As per the question,

Coefficient of friction between the block $m_2$ and table $\mu$ =0.350

$m_1=4kg, m_2=1kg, m_3=2kg$

g=gravitational accelration

Let a be the net acceleration of the masses, N$(=m_2g=1g)$ bet the normal reaction on the table due to $m_2$ $T_1$ =tension between the string of block $m_1$ and $m_2$ and $T_2$ is the tension between the string of block $m_2$ and $m_3$

a) The FBD (free body diagram) is given below

b)

Force balance on the block $m_1$

Now, $m_1g-T_1=m_1a$

$4g-T_1=4a-------(i)$

force balance on the block $m_2$

$T_1-f_2-T_2=m_2a$

$T_1-\mu N-T_2=a$

$T_1-0.35g-T_2=a-----(ii)$

Force balance on the block $m_3$

$T_2-m_3g=m_3a$

$T_2-2g=2a-----(iii)$

adding equation (i) , (ii) and (iii)

$4g-0.35g-2g=7a$

$1.65g=7a$

$a=\dfrac{1.65g}{7}=0.24\times 9.8=2.4m/sec^2$

c)

Putting the value of a, in the equation (i) and (ii)
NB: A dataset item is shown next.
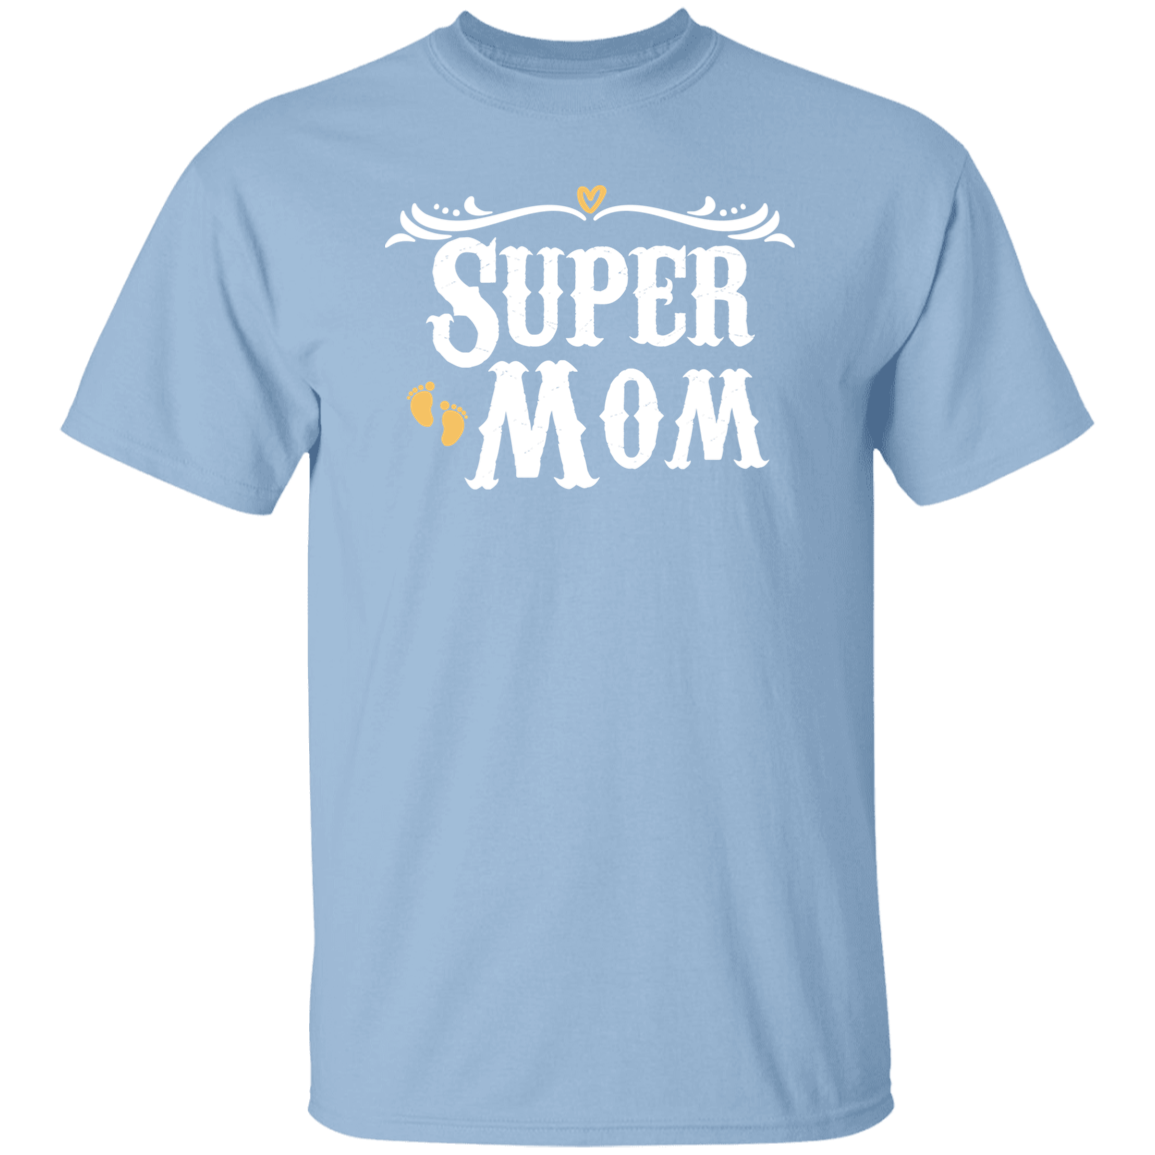 Super Mom 5.3 oz. T-Shirt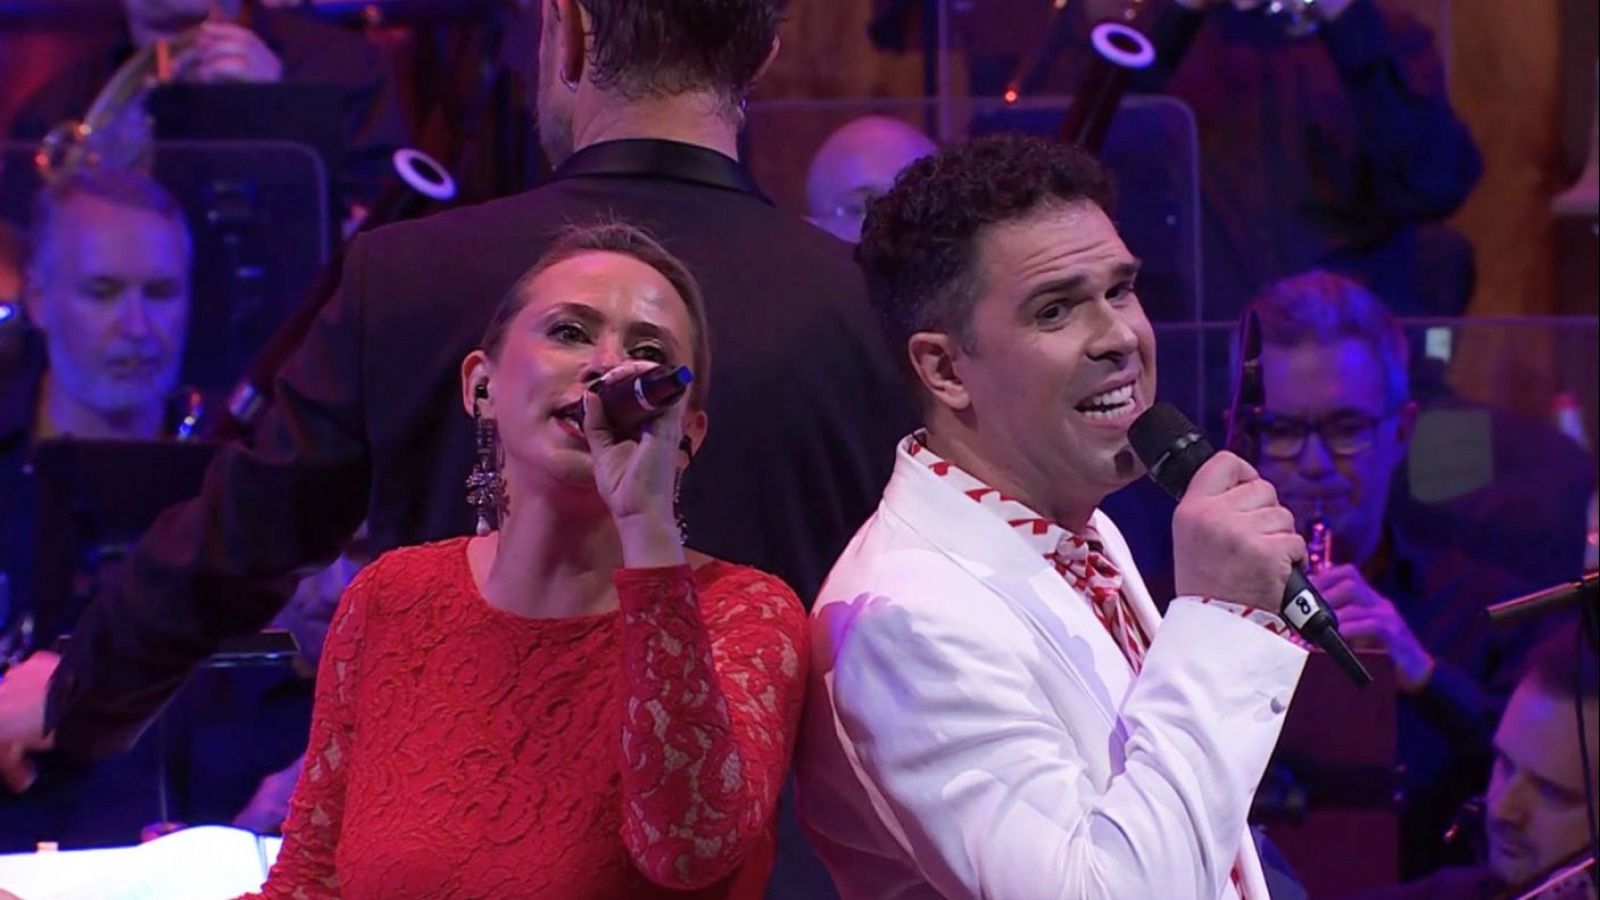 Lo que soy | Jose Ángel Silva y Alla Zaikina cantan "Yo solo quiero amar"

$T_1=4g-4a=4\times 9.8-4\times 2.4=29.6N$

$T_2=2a+2g=2(9.8+2.4)=24.4N$

d)

If friction force is negligible, then $f_s=0$

so, $a=\dfrac{4g-2g}{7}=\dfrac{2\times 9.8}{7}=2.8m/sec^2$

so, $T_1=4g-4a=34.4N$

$T_2=2a+2g=2\times 2.8+2\times 9.8=25.2N$

Hence tension,in both the string and the acceleration will increase.